* _Source data_
--

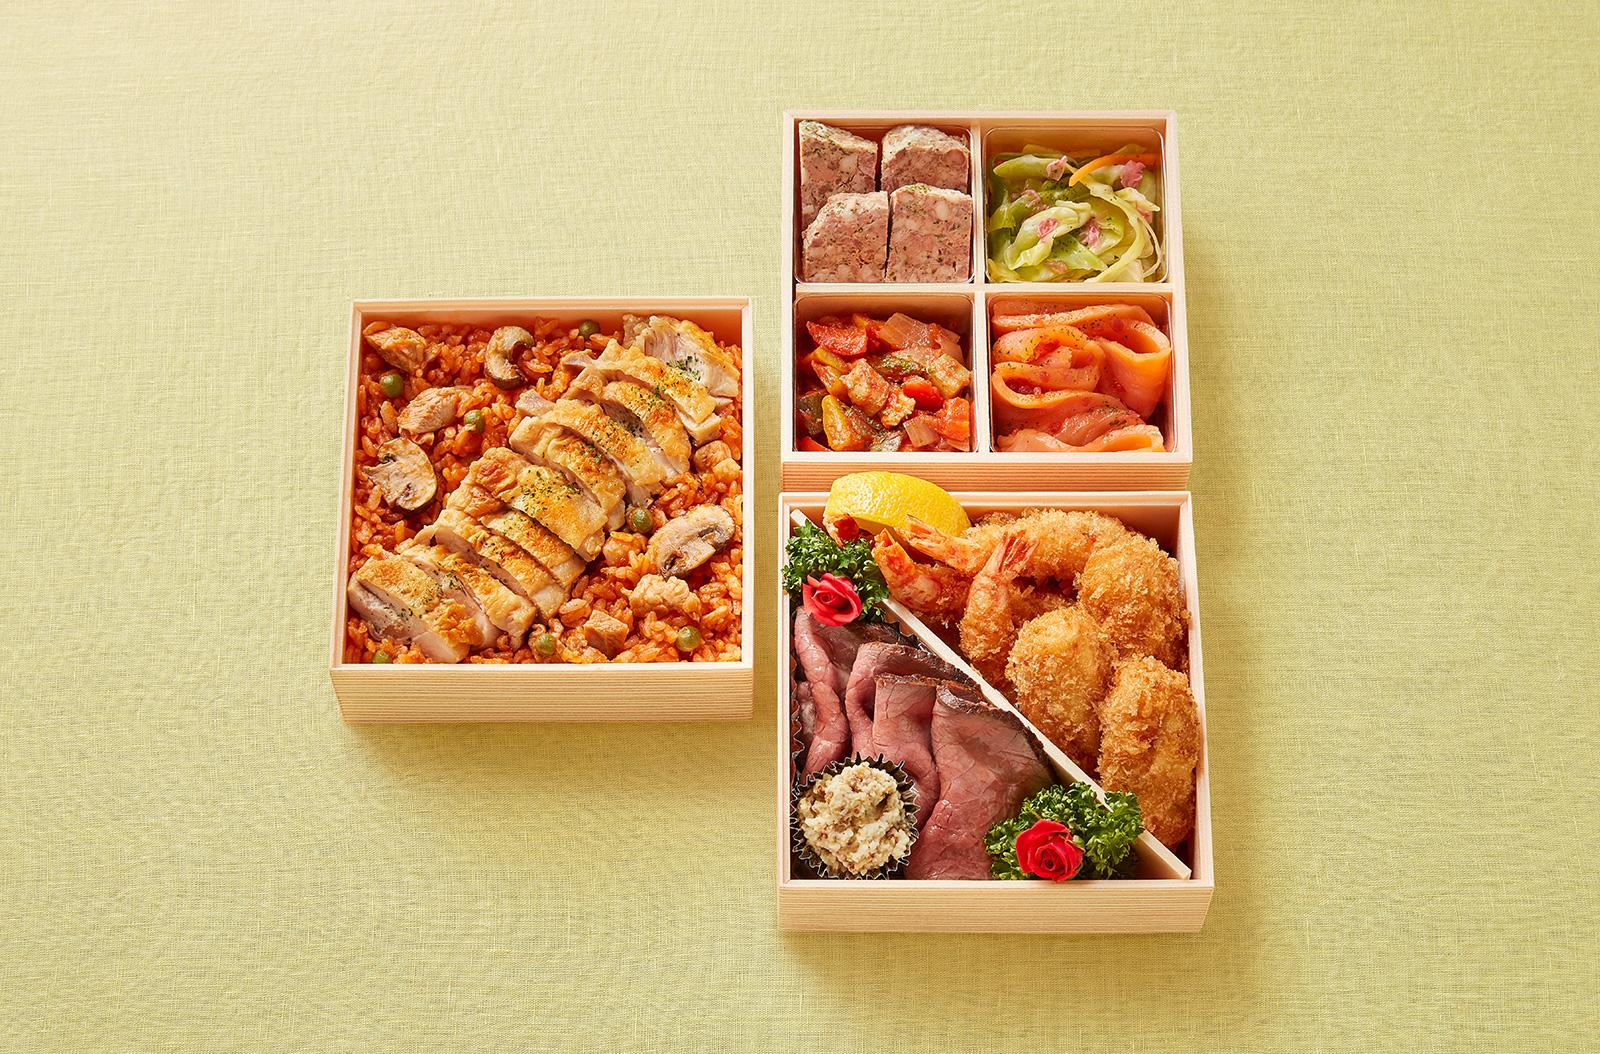 日本橋 いづもや 鰻屋まかない飯と和食のごちそう宴
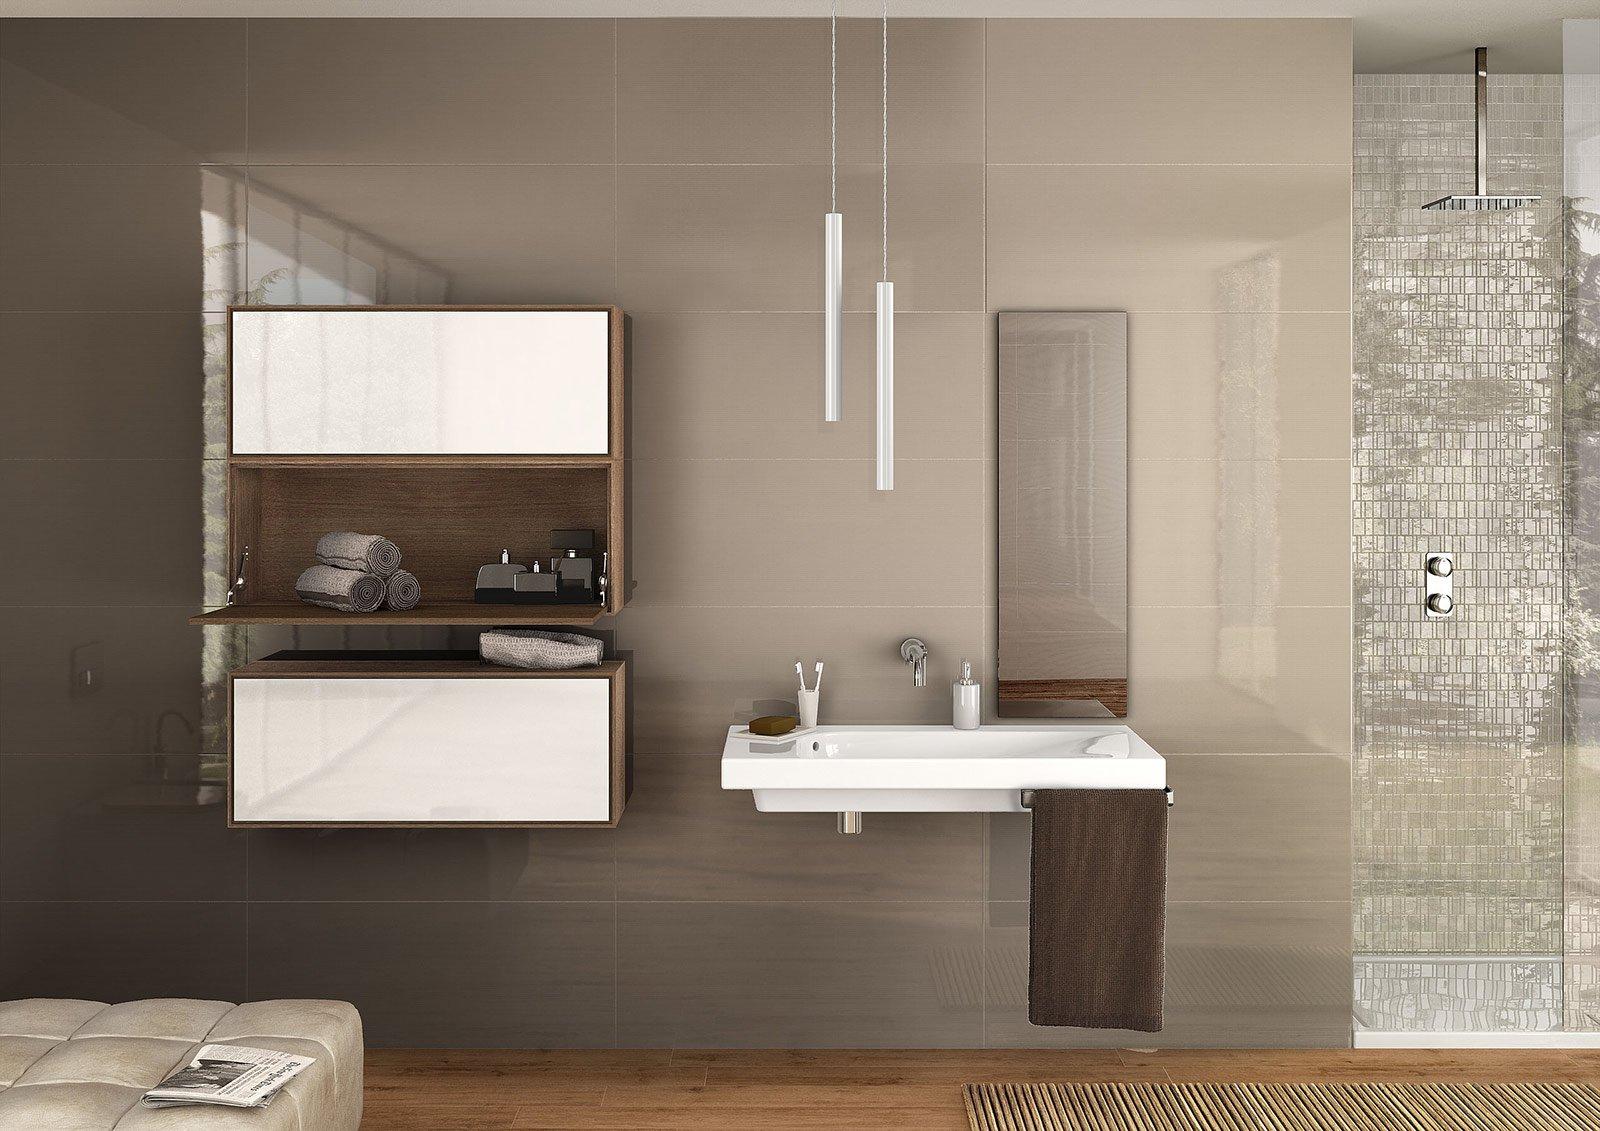 Tavolo pieghevole a muro ikea - Mobile bagno lavandino ...
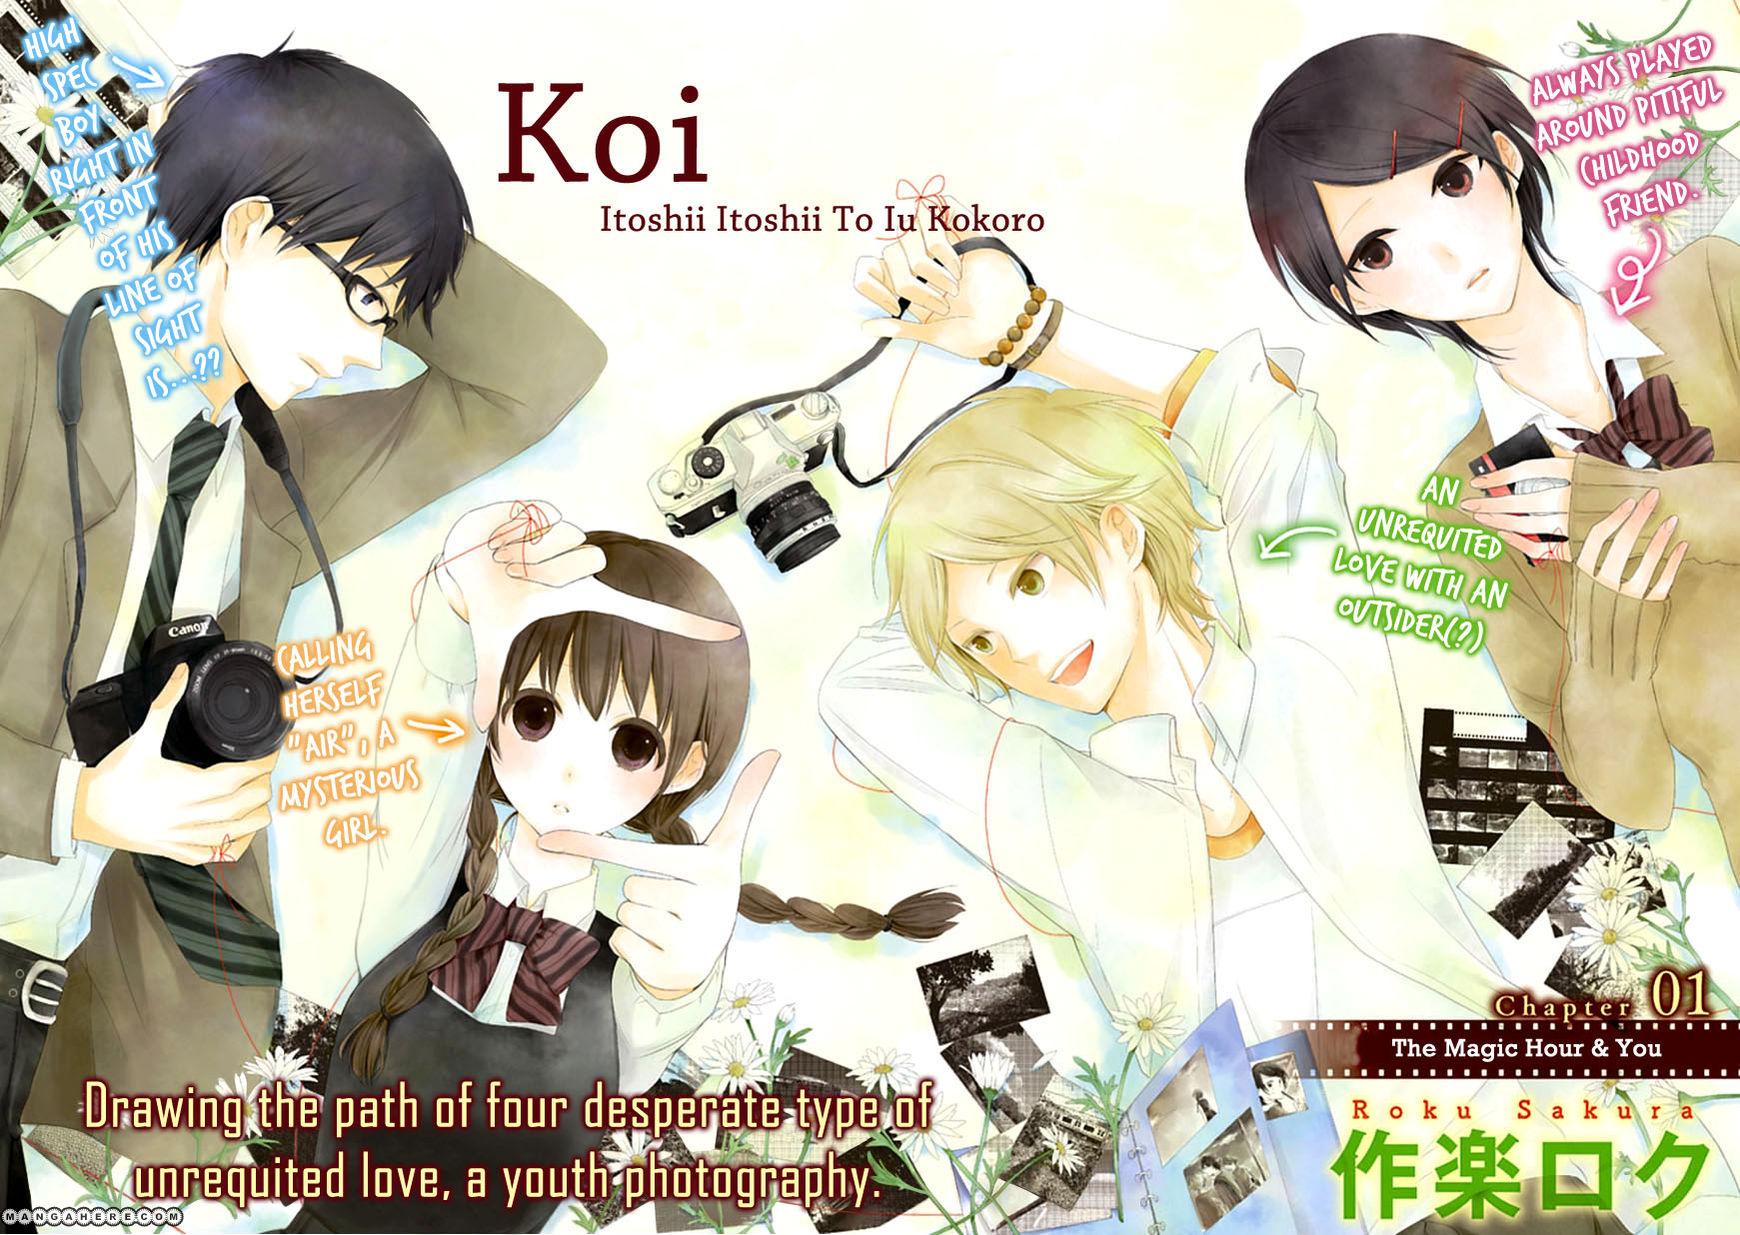 Koi. - Itoshii Itoshii to Iu Kokoro 1 Page 2
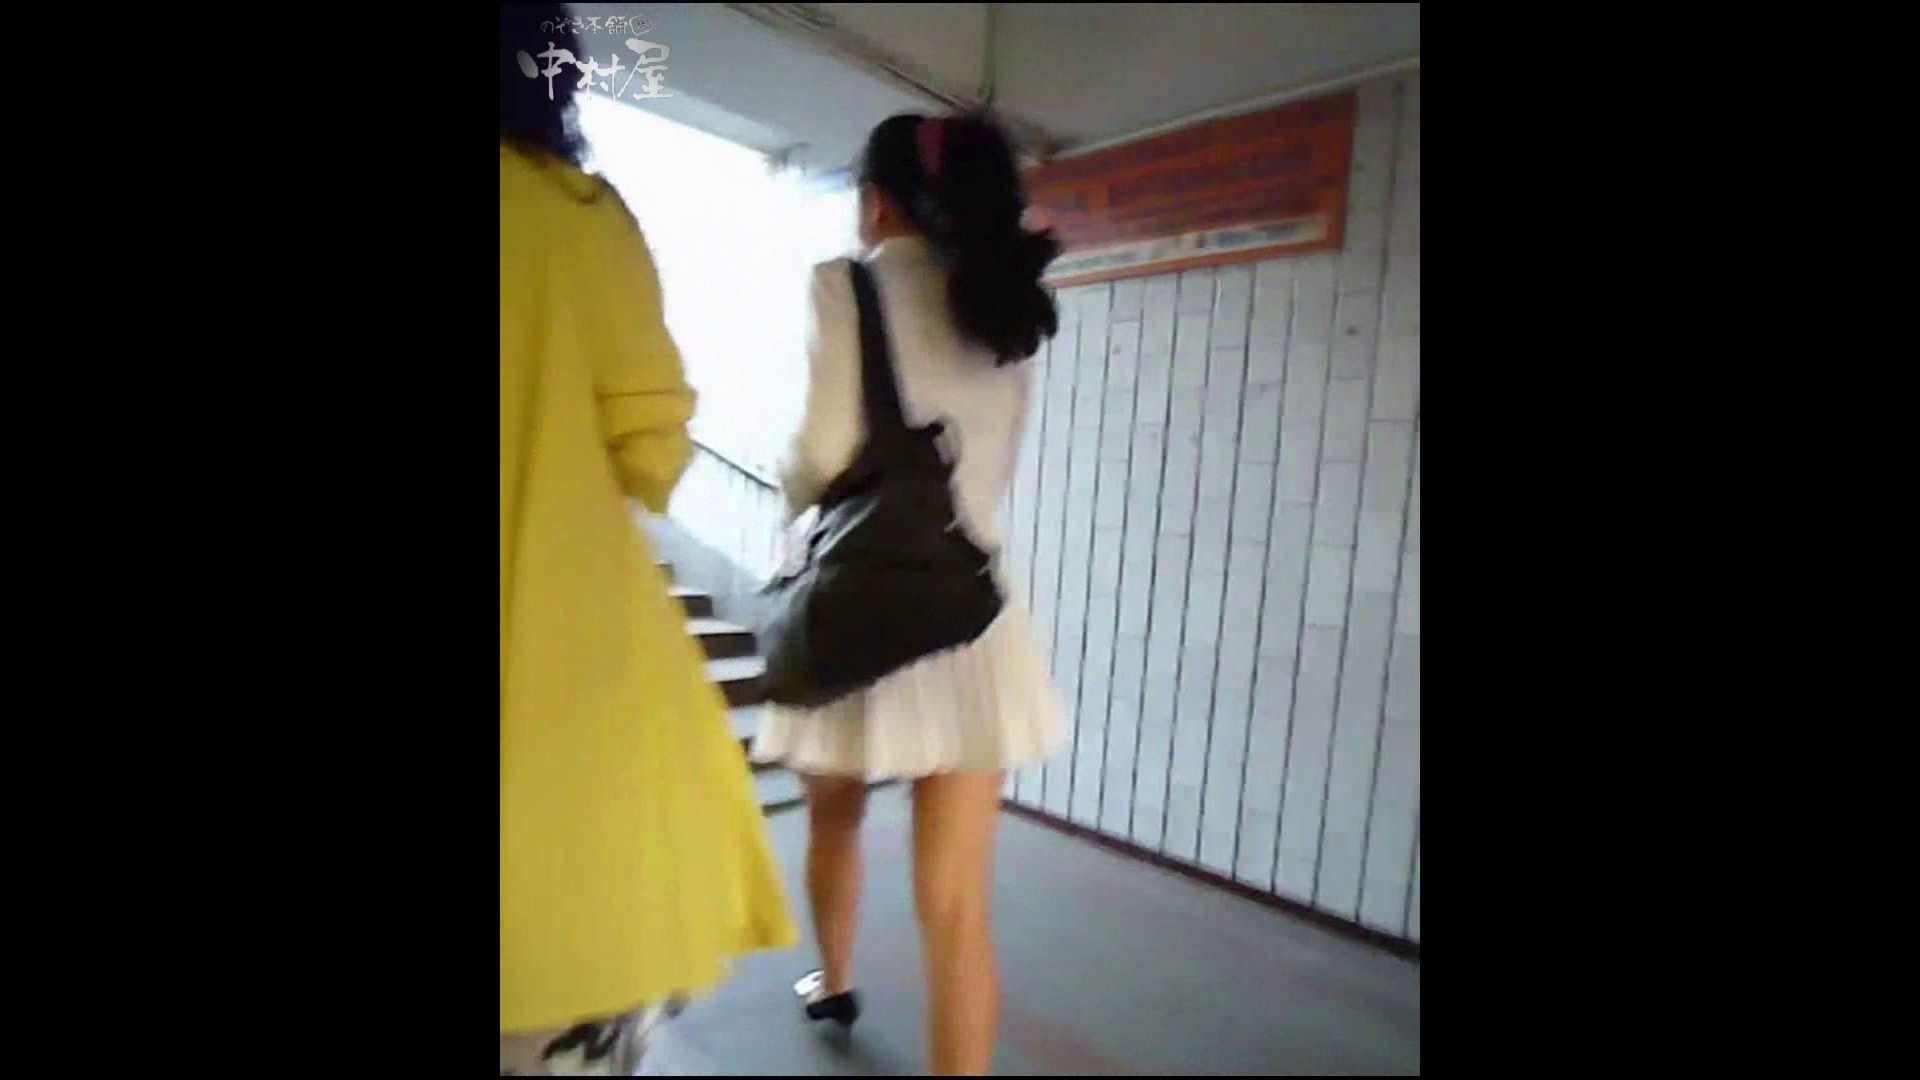 綺麗なモデルさんのスカート捲っちゃおう‼ vol26 Hなお姉さん | HなOL  76pic 36

--

* _Work instruction_
Copy out the whole listing word for word, except for any picture it includes.

* _Reply to the exercise_
 日本橋 いづもや 鰻屋まかない飯と和食のごちそう宴
 Tavolo pieghevole a muro ikea - Mobile bagno lavandino ...
 Koi. - Itoshii Itoshii to Iu Kokoro 1 Page 2
 綺麗なモデルさんのスカート捲っちゃおう‼ vol26 Hなお姉さん | HなOL  76pic 36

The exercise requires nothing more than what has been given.